- Data shown -
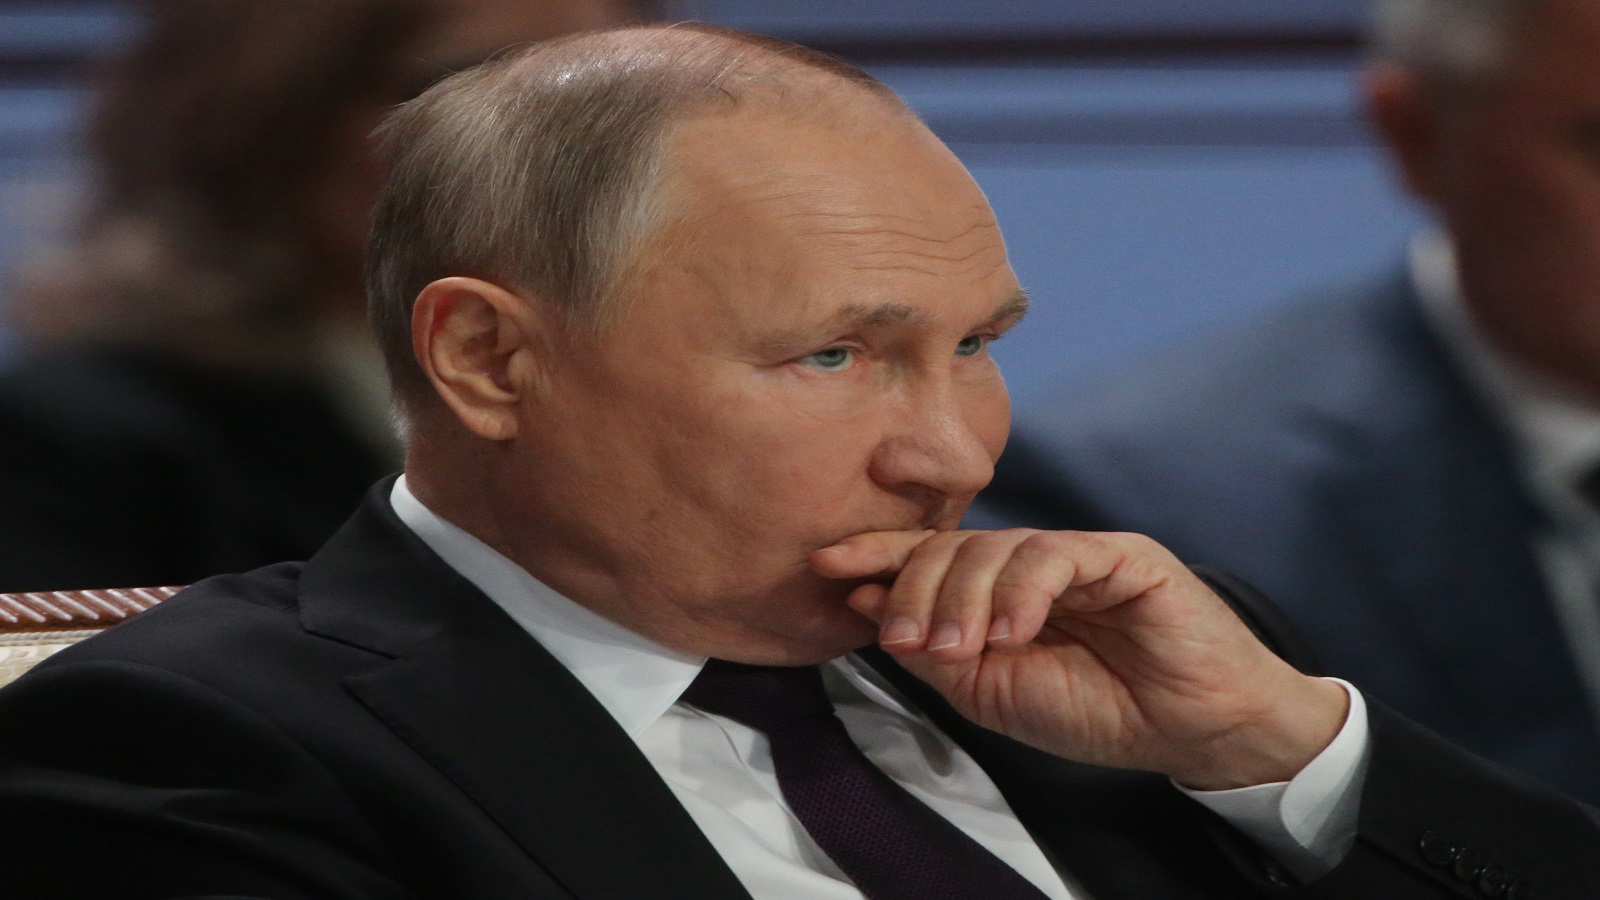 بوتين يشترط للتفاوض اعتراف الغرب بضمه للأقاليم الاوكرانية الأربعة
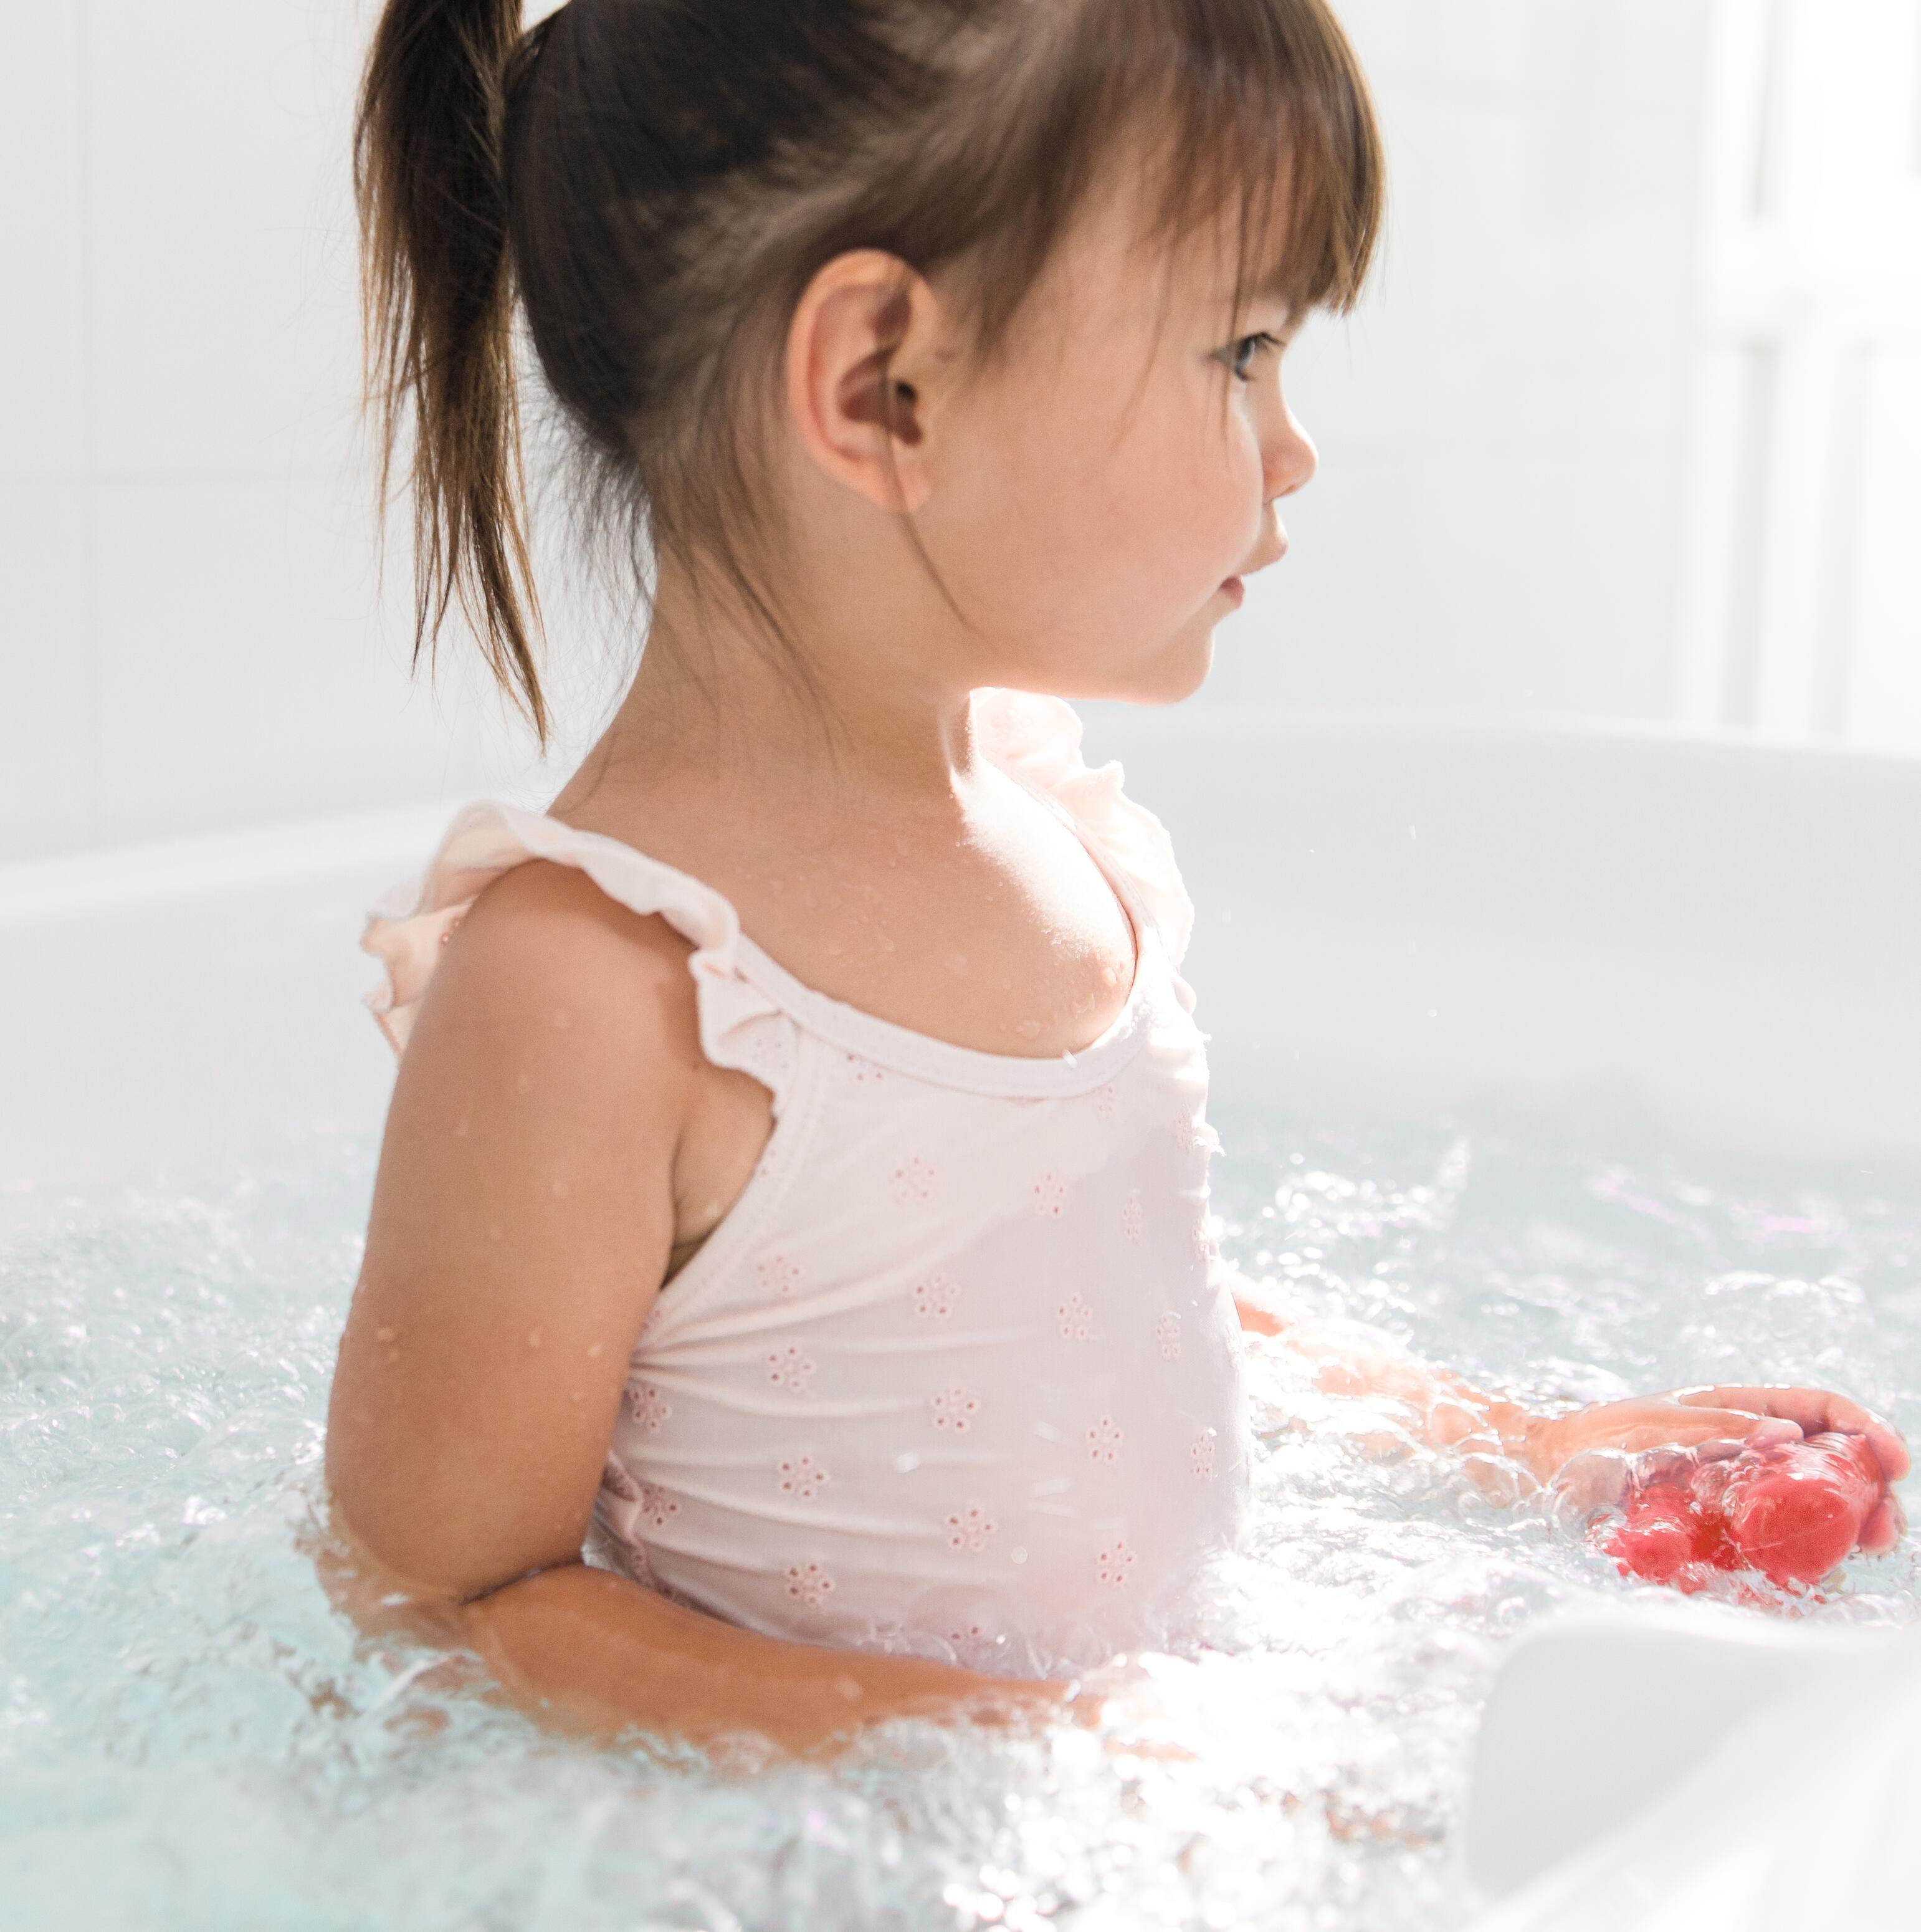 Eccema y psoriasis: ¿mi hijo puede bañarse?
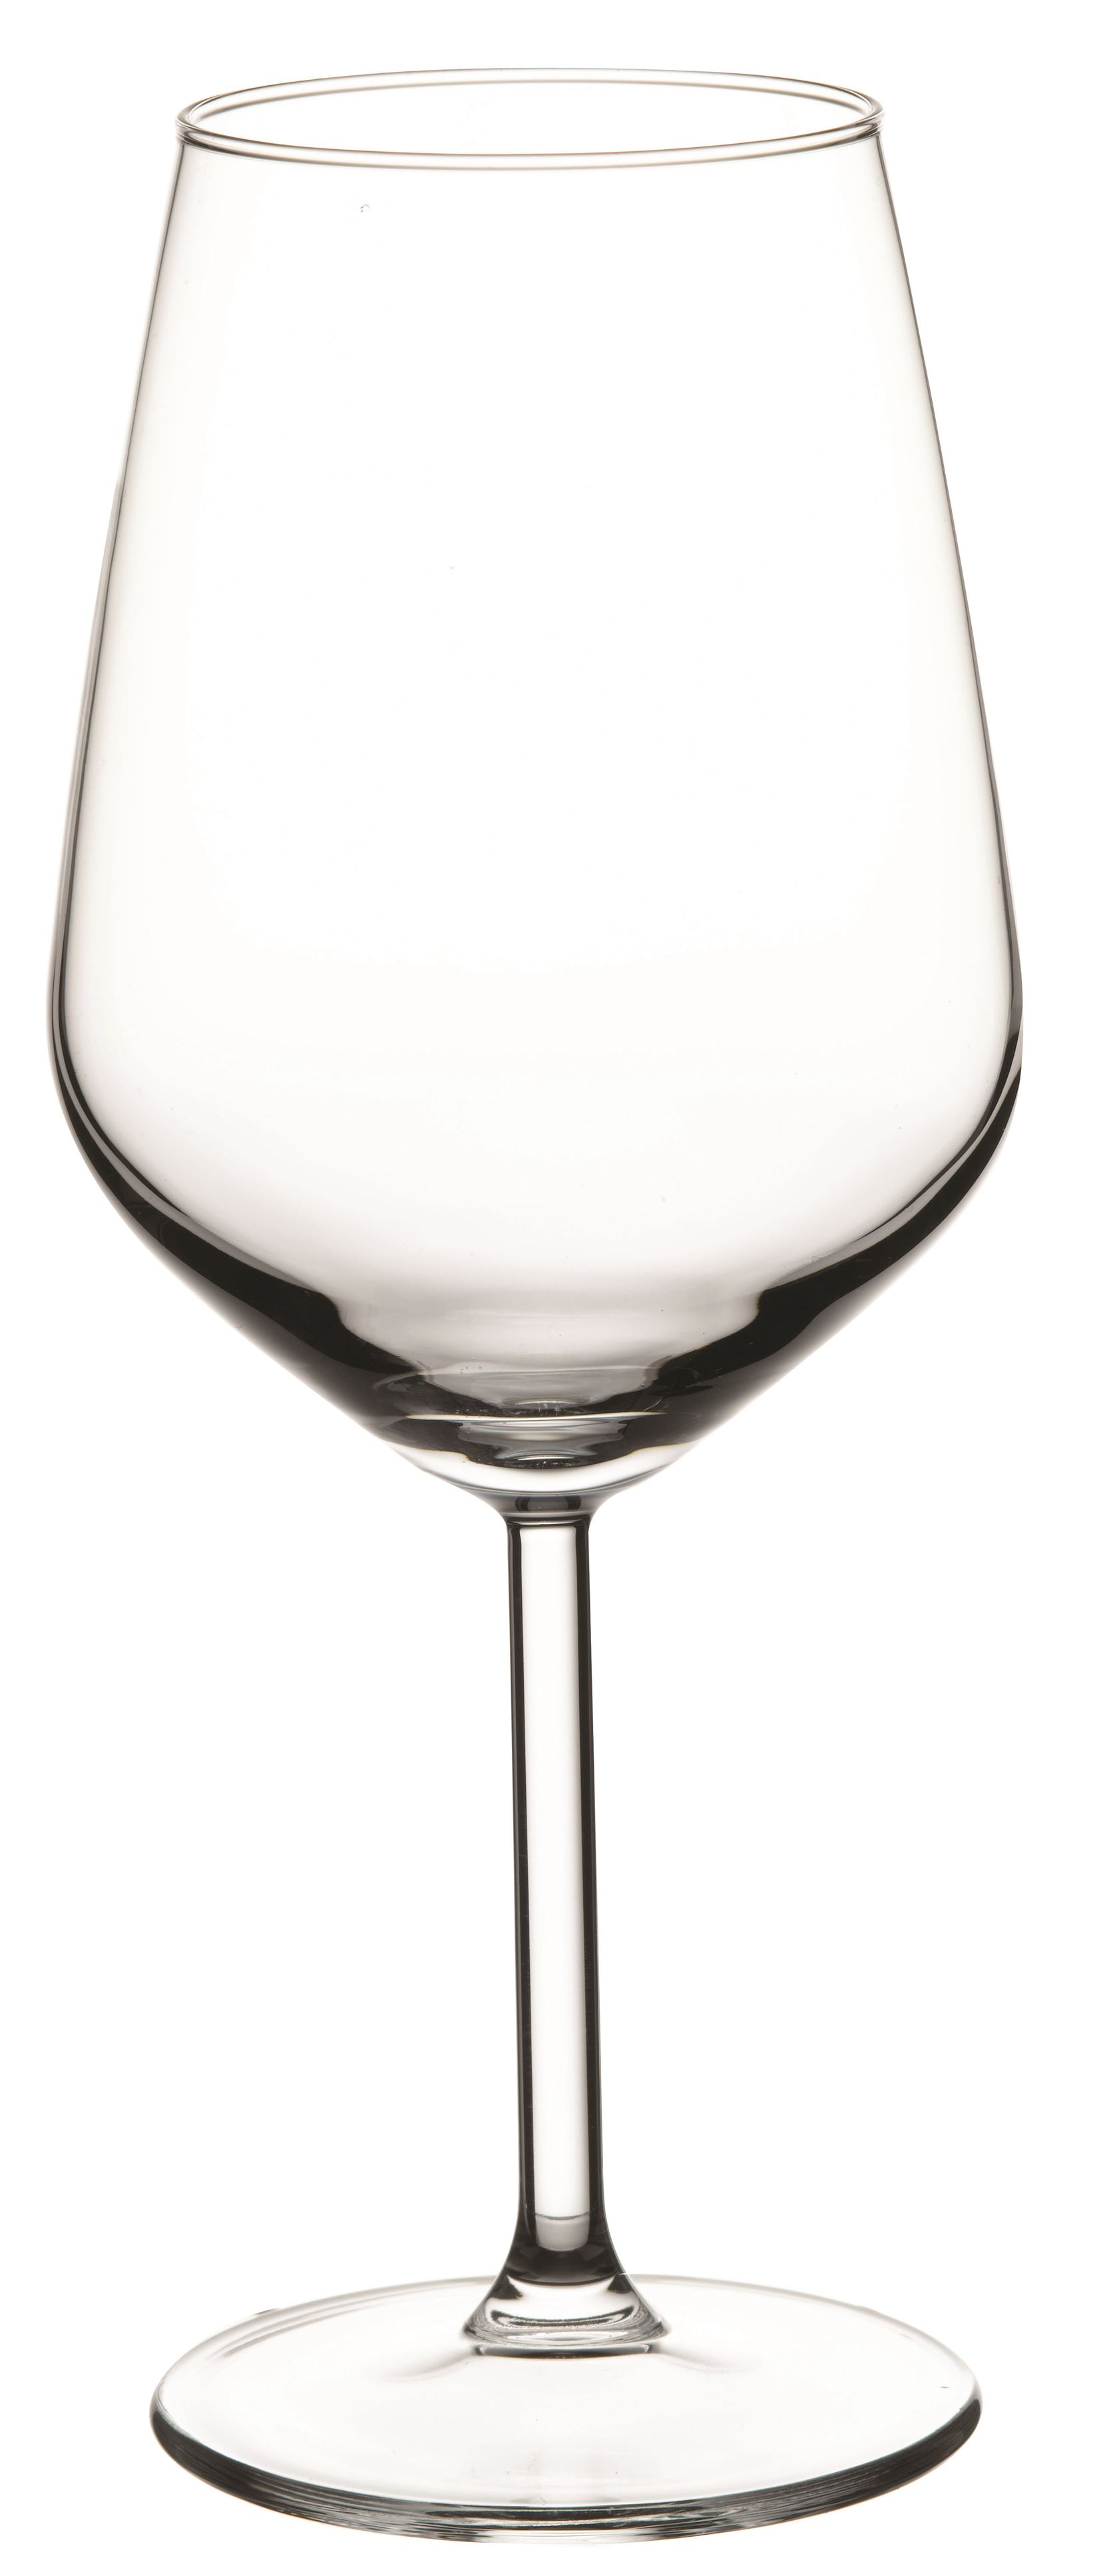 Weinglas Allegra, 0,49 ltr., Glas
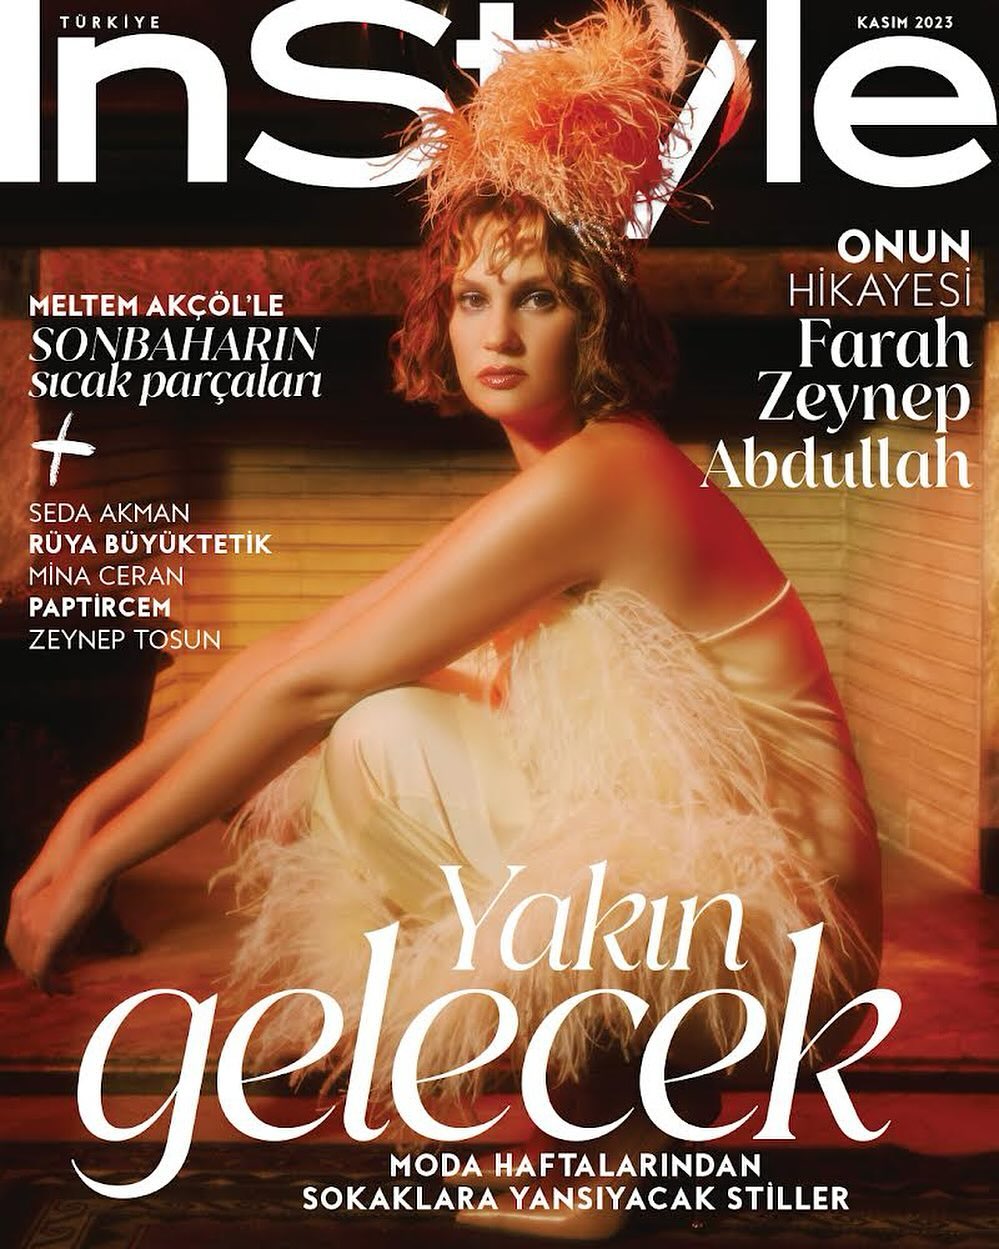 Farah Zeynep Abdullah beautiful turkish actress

- Exercise prompt -
Would you retype every line shown above exactly, leaving the pictures aside?

- Answer for this exercise -
 بوتين يشترط للتفاوض اعتراف الغرب بضمه للأقاليم الاوكرانية الأربعة
 Eccema y psoriasis: ¿mi hijo puede bañarse?
 Weinglas Allegra, 0,49 ltr., Glas
 Farah Zeynep Abdullah beautiful turkish actress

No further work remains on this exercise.